As posted on the PR — the complete output from FriendlyReviewer.

friendly-reviewer bot commented now

Hi there 👋

🌥️ Tech
4 high, 3 medium, 3 low

This MR introduces template variable interpolation via applyTemplateVariables() in both runSplitQuery() and runShardSplitQuery() to resolve variables like $__auto before splitting queries. While the core functionality is correct, several issues were identified: a double interpolation risk when shard splitting is enabled, inaccurate test mocks that do not mirror production behavior, fragile test assertions tightly coupled to implementation details, and error handling gaps (unhandled promise rejection and bypassed retriability check). These need to be addressed to ensure correctness and maintainability.

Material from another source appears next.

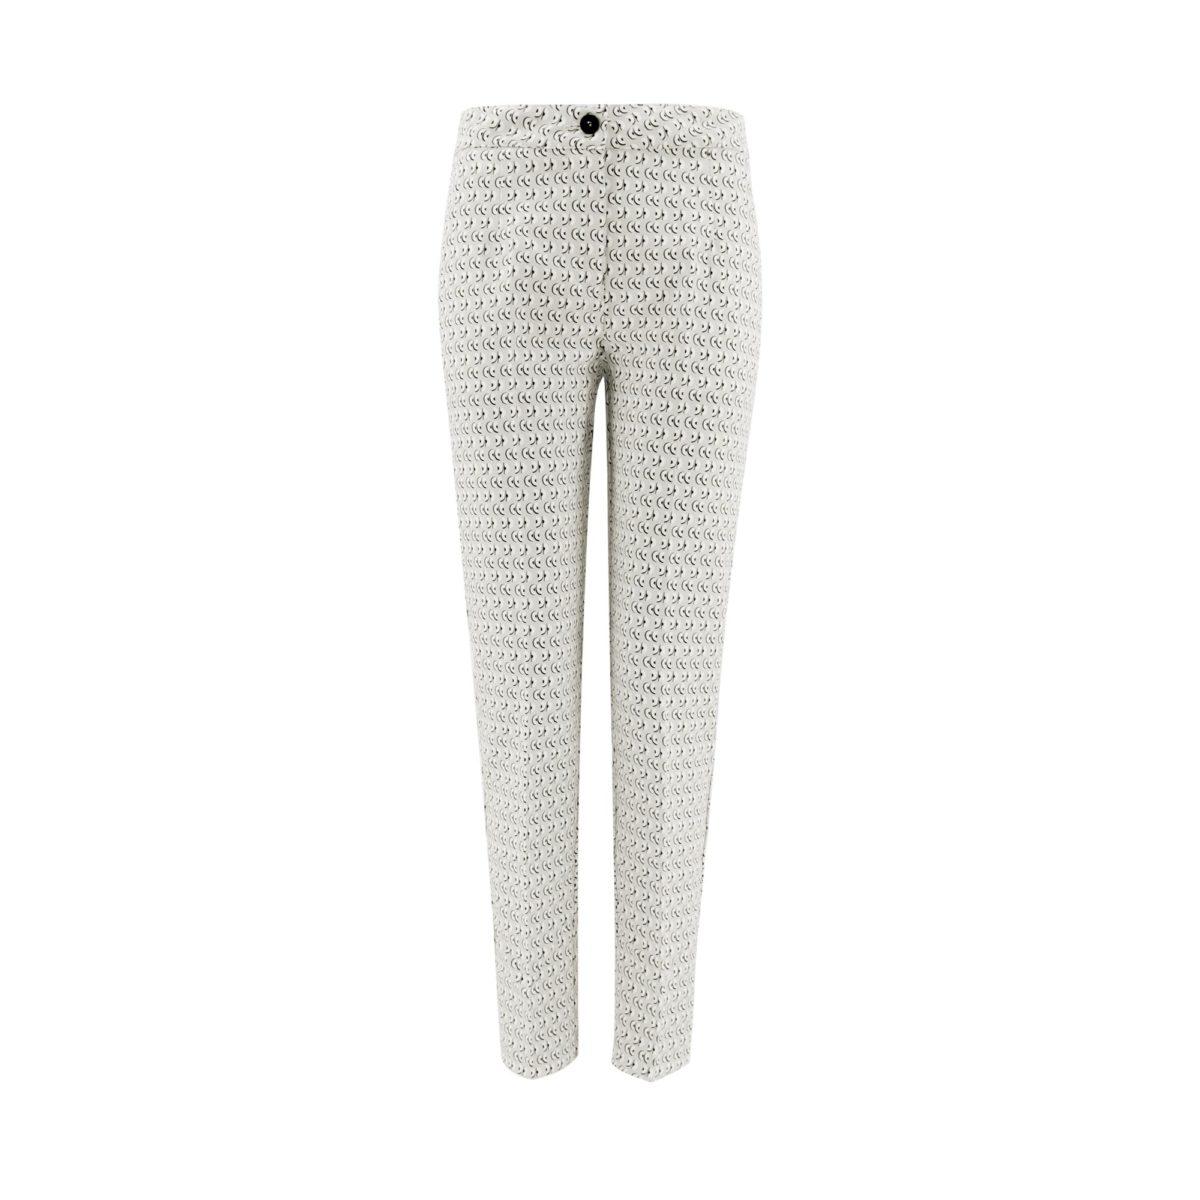 Pantalone Straight a fantasia geometrica  - vista frontale | Nicla

These might need a close look

  • 🔴 public/app/plugins/datasource/loki/querySplitting.ts (L296)
    Double interpolation risk: When shard splitting is enabled, runShardSplitQuery() calls applyTemplateVariables() and then passes queries to runSplitQuery(), which calls it again. This is redundant and could cause subtle issues if interpolation has side effects. Consider deduplicating or documenting the assumption.
  • 🔴 public/app/plugins/datasource/loki/shardQuerySplitting.ts (L48)
    Double interpolation (same issue as querySplitting.ts line 296). The shard splitting layer should not interpolate variables since runSplitQuery already does it, or pass a flag to skip re-interpolation.
  • 🔴 public/app/plugins/datasource/loki/shardQuerySplitting.ts (L223)
    Unhandled promise rejection: groupTargetsByQueryType().then() lacks a .catch() handler. A rejected promise would leave the subscriber hanging. Add .catch() that calls subscriber.error().
  • 🔴 public/app/plugins/datasource/loki/shardQuerySplitting.ts (L228)
    Inconsistent error handling: retry() is called without arguments in the Observable error callback, bypassing the isRetriableError check. Pass the error to retry() so retriability is properly evaluated.

Worth checking

  • 🟡 public/app/plugins/datasource/loki/querySplitting.test.ts (L77)
    Test mock for replace() does not match real applyTemplateVariables behavior: the real implementation excludes $__auto from scopedVars, so the test tests a scenario that cannot occur in production. Use a user-defined variable like $myvar instead.
  • 🟡 public/app/plugins/datasource/loki/querySplitting.test.ts (L85)
    Assertion accesses mock.calls[0] without prior check. If runQuery is never called, this throws a TypeError. Add expect(datasource.runQuery).toHaveBeenCalled() before accessing calls.
  • 🟡 public/app/plugins/datasource/loki/shardQuerySplitting.test.ts (L81)
    Test uses real applyTemplateVariables instead of a mock, making it an integration test. Mock the method to isolate shard splitting logic.

Small things (take or leave)

  • 🔵 public/app/plugins/datasource/loki/querySplitting.ts (L299)
    Fragile ordering: querySupportsSplitting is checked after applyTemplateVariables. If future changes resolve $__range, queries with range variables would be incorrectly split. Consider moving the split check before interpolation.
  • 🔵 public/app/plugins/datasource/loki/querySplitting.test.ts (L84)
    Test ignores emitted values in toEmitValuesWith callback and only checks mock call arguments. This deviates from test patterns elsewhere. Add assertions on the DataQueryResponse shape.
  • 🔵 public/app/plugins/datasource/loki/shardQuerySplitting.test.ts (L112)
    Fragile assertion on exact call count (5 times). This depends on partitioning details. Use toBeGreaterThan(1) or assert on specific arguments instead.